Scars remind us of where we've been...they don't have to dictate where we're going.
Seems a lot like this post from a mens health forum. no?
I’m trying to figure out what might be going on for my wife, I try talking to her about it but that never goes well. Basically as happens with many couples, Our sex life in the first year or two of our marriage was awesome, and up till about 4 years ago it was good. But we have now been married for 15 years and in our late 30’s – early 40’s. JSYK I am fit and healthy well hung with good hygiene and grooming and she is overweight (she calls herself fat) but she is adorably cute with good hygiene and grooming.
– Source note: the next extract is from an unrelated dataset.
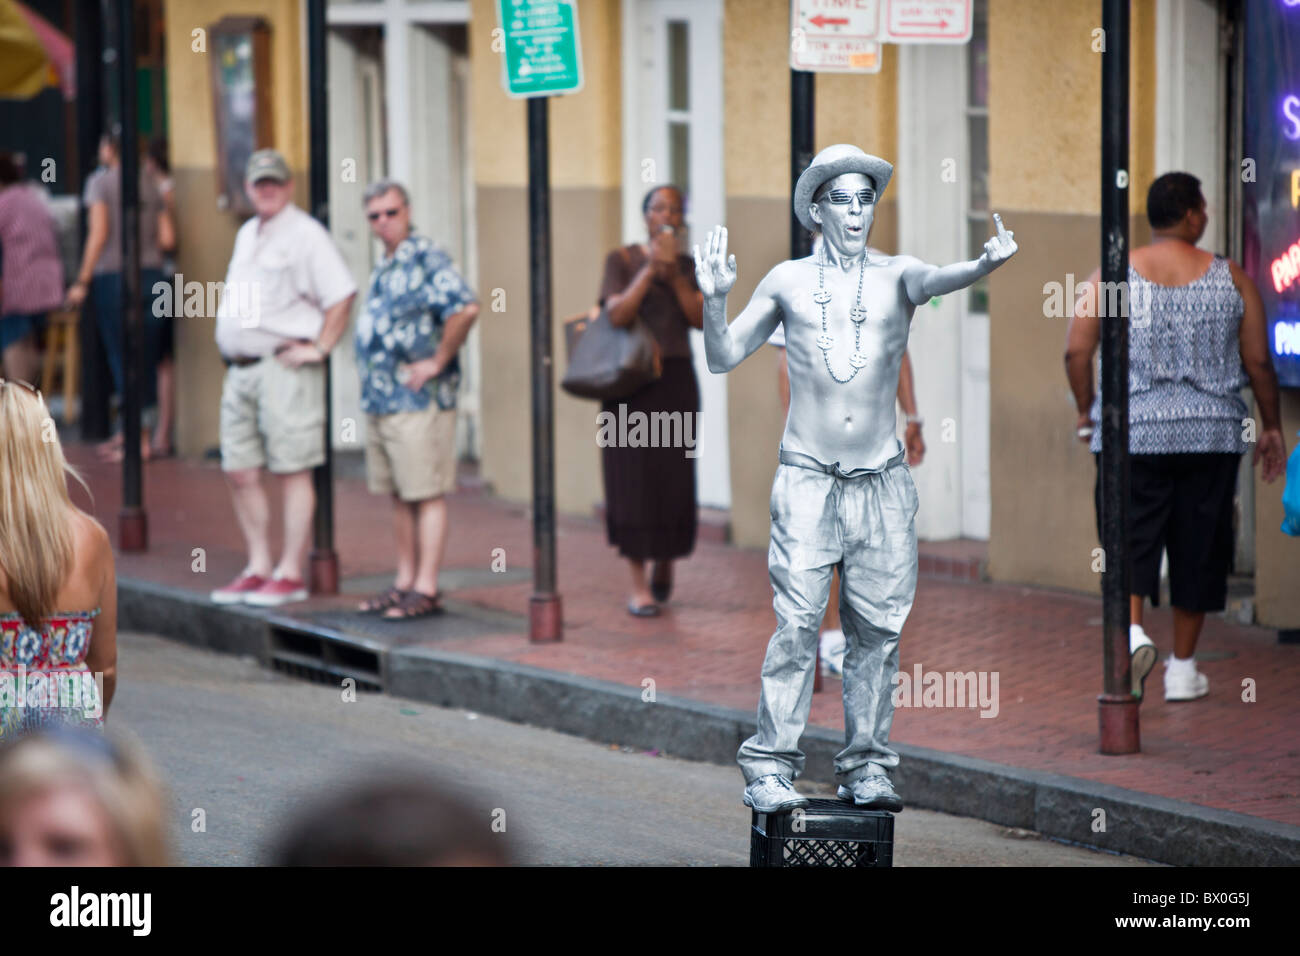 Mimes/performers painted in silver and gold pose for tips on Bourbon Street in New Orleans, Louisiana's French Quarter. Stock Photo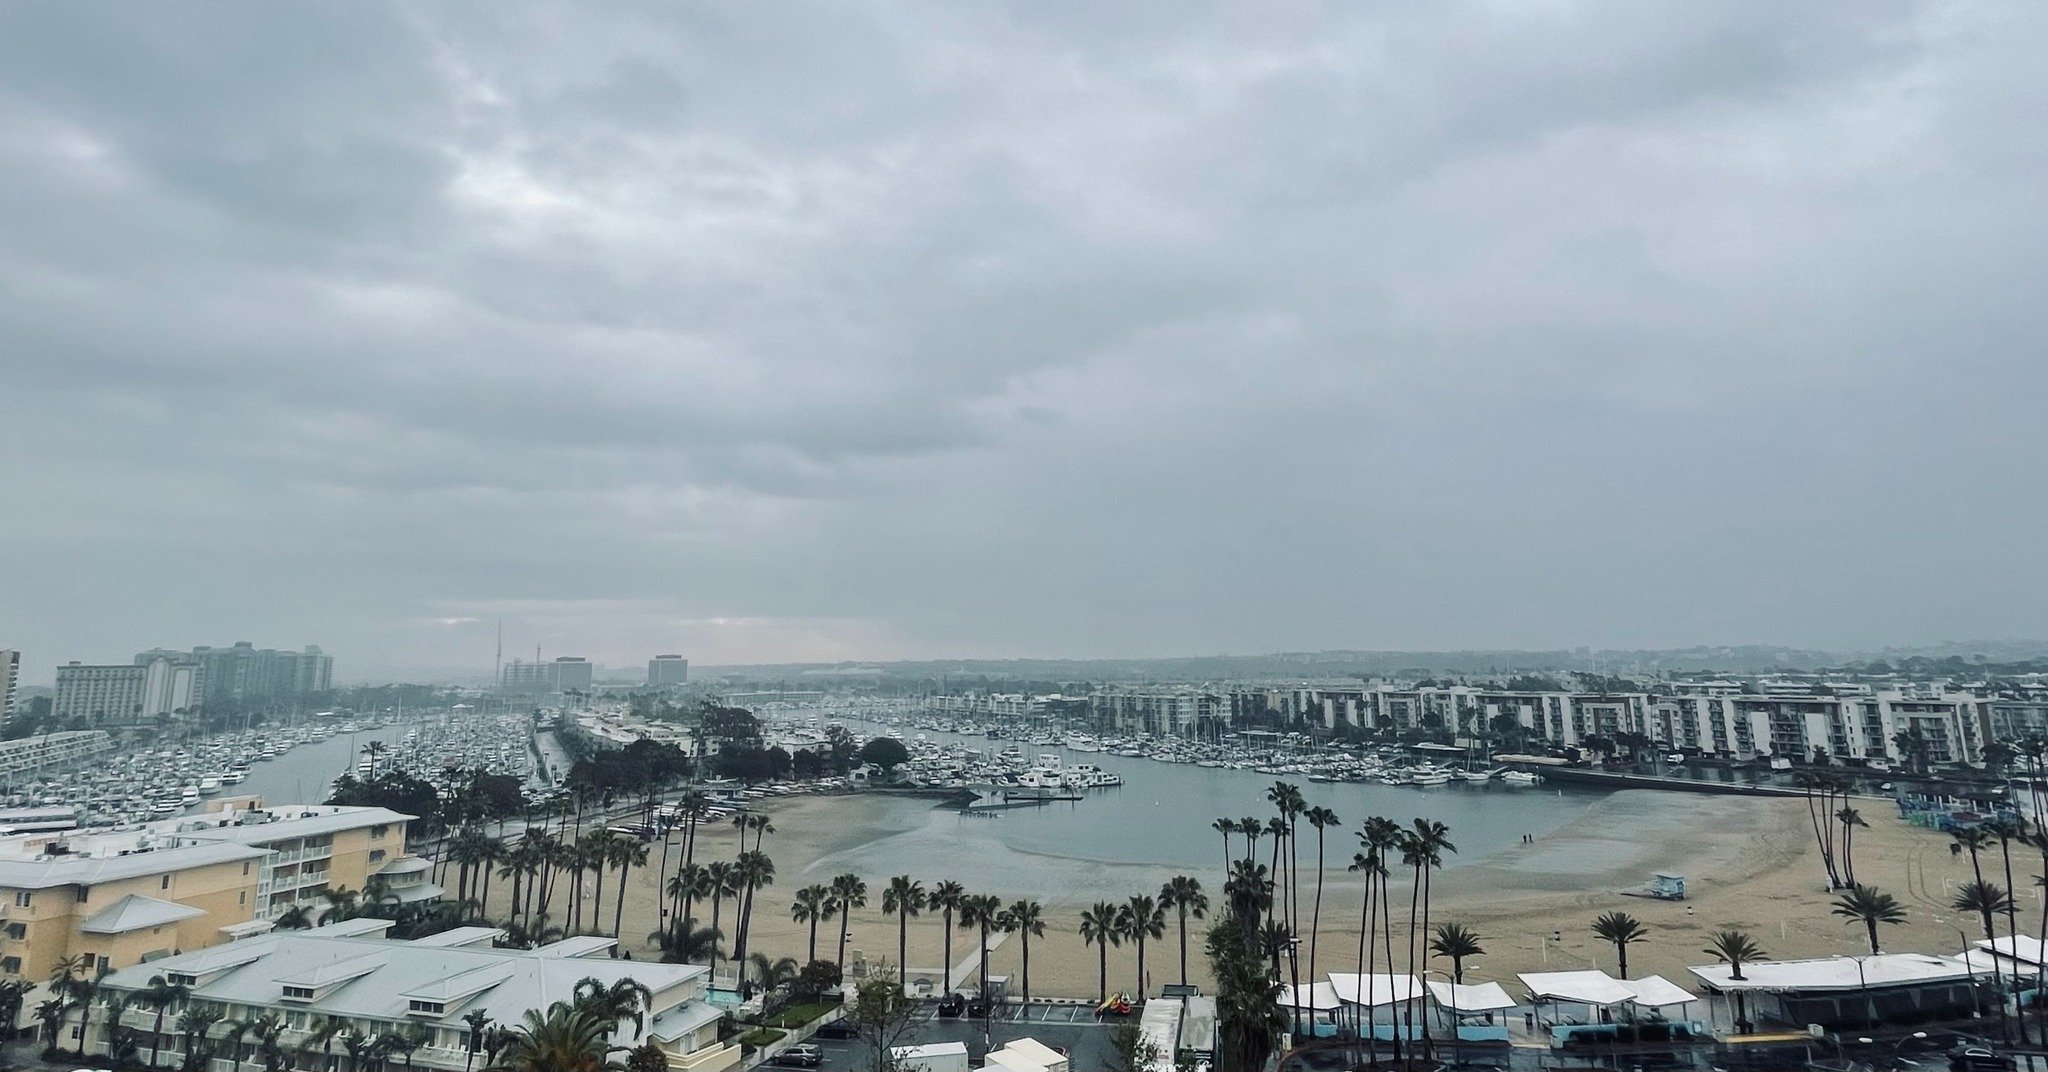 Rainy morning in Marina del Rey, where I wandered to yesterday to continue celebrating Bree's birthday after last week in Atlanta. Today we meander over to Death Valley, where we've never been, to see the giant lake that has formed there as a result

We had a baby two years ago.
She rarely touches my penis in fact she will pull her hand away if my penis inadvertently comes close to it in bed.
She is very reluctant to give oral and when she does, it is as part of foreplay and seems only to appease weeks of my hinting and flirtatiously suggestive remarks. And in the end I feel like I have pressured her into doing something she doesn’t like and I end up regretting it.
The last time she gave me a random surprise BJ with a happy ending was 4 years ago and I actually can’t remember when it had been before that.
She is mostly disinterested in cunnilingus (although she used to love it and even requested it often)
As we sit now it has been three or so years since she has let me give her an orgasm through oral. This is a real loss to me as I love to give even more than receive oral.
Historically since we got married she never was really big on a lot of foreplay but now does not want much if any foreplay anymore, in fact it usually consists as follows:
Her cue to let me know she wants sex is she rolls flat on her back with legs slightly apart, If I don’t respond within a couple minutes she throws one of her legs over mine and pulls me close with her leg.
From there I am expected to get her warmed up with my hand (I would rather my mouth) then as soon as she is wet begin intercourse in whatever position I initiate. Usually she grabs a vibe and applies it to her clit and orgasms as quick as possible, sometimes she doesn’t bother and just encourages me to cum as soon as I can, not wanting me to take my time and make it last.
Now on the bright side when we are actually having sex it is decent and I can’t say “the sex isn’t any good” in fact she even occasionally wants anal play/sex and or DP with me and a toy and likes it deep and hard. But seriously I mostly feel unsexy, undesired, un-valued, and like my Penis is just… untouchable or undesirable. It makes it challenging to put in the effort to make sex great.
Your point is?
We can only learn to love by loving. - Iris Mudoch, British writer
Big Daddy, I think you are saying it in reverse, this is you, in reverse with your wife, woman's health forum, man's health forum for your question....
I've read your threads, remember them....
You haven't posted for a while, I'm guessing your still disatisfied, nothing has changed for you, care to write your own new thread? We have alot more members however, your situation seems different, seems your the "woman" of the house, un-appreciated and viewed at imitacy means " booty call"....
CW
Last edited by CHANDLERS WISH; 02-03-2011 at 03:21 AM.
Do we not realise that in order to find a soul
It doesn't happen over night
if truth were to be told.
Like everything in life that's hard to achieve
you must believe!
you need to look deeper into your scenario, try not making this about how he feels towards you...but how hes feeling about himself. he sounds depressed and is too embarrassed to admit to it or talk about it openly since he is suppose to be the man to keep the family together and going...
Wow-spooky -what are the chances of this happening. Almost looks like plagiarism.